Julie Fulcher, Public Policy Director for the National Coalition Against
Domestic Violence, put it this way: “Domestic violence is not something that
happens because you’re feeling upset today.
It’s about people feeling like they’re entitled to do this to their
wives.” Fulcher adds, “The day you start
seeing these guys go after their commanding officer because they’re pissed off
and they just can’t control their anger, we’ll rethink our theory.”

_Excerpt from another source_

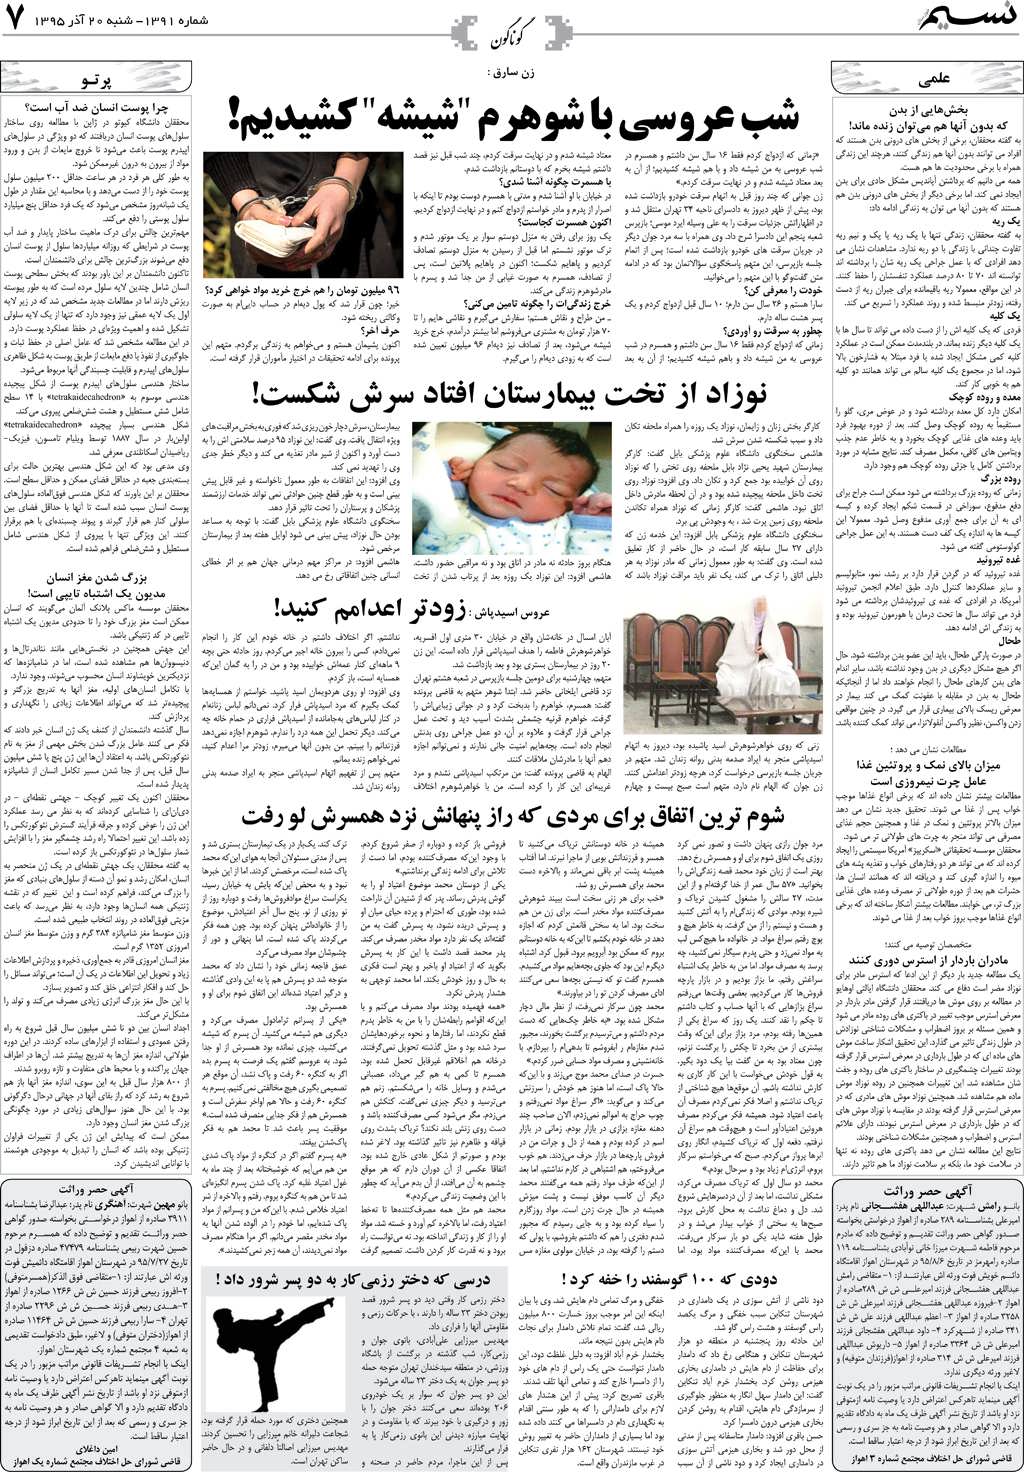 صفحه گوناگون روزنامه نسیم شماره 1391

Yet in the military, domestic violence continues to be
dealt with as a communication issue. Instead of being sent to jail for their
crime, perpetrators are sent to couples counseling.
Q: The
military always proudly announces that it “takes care of its own.” If this is
true, why are so many young enlisted families struggling to make ends meet?
The
situation is dire. In 2003, 38 percent of army families qualified for federal
poverty programs like food stamps, WIC (a program for poor pregnant or nursing
women), or free school lunch vouchers. Consider that 54 percent of soldiers
earn less than $2000 a month, that 75 percent of soldiers in the Army have
kids, and that 88 percent of those kids are under age 5. That’s a lot of very
young, very isolated, very poor families struggling to make ends meet. Only 9 percent of Army families describe
themselves as “financially comfortable.” In fact, the Defense Department’s own
studies show that 67 percent of junior enlisted soldiers report savings of less
than $1000.
Q: How are military
wives being proactive or working collectively to make changes?
Fortunately,
military wives are a resourceful lot. Over the years they’ve kicked and
screamed enough to force some changes, many within the last twenty years. The
military now offers families some of the highest quality daycare in country—and
it’s subsidized, so affordable. (Next, the Army needs to eliminate the waiting
lists for this daycare and extend the hours to accommodate real work
schedules.) Military wives have pushed hard to make the base schools for their
kids equal or better than civilian schools.
Q: How do military
wives support each other?
This
is really the best thing about the military life—almost every woman I spoke to
mentioned the emotional and practical support they get from other wives who are
in the same boat. Because you move so often in the military, you have to make
friends quickly. And because the husbands are gone so often, the wives come to
rely on each other, creating a strong sense of community. If a young woman goes
into the hospital to have a baby while her husband is deployed, you can bet
other wives will offer to take care of her toddler, bring her dinner, or do her
grocery shopping. Or just as likely, all of the above.
While
she may not repay the women who helped her directly, years later you can be
sure she’ll send her teenaged daughter across the street to baby-sit when
another young wife is struggling alone with a newborn. That’s just the way it
is. And no matter how thankful she might
be, she’ll probably get the same kind of lackadaisical response that fighter
pilots are notorious for: “No problem.”
Q: How
did your personal experience growing up in the military lead to this book?
I’m
an Air Force brat myself and I remember when my own father went to Vietnam in
1969, my mother belonged to a something called “The Waiting Wives Club.” She
describes this support group as her “lifeline.” As the U.S. was gearing up to go into Iraq, I started
thinking about all the women who were going to be left alone to work and bring
up kids. I was curious to find out what the military was doing today to help
wives cope while their husbands were away.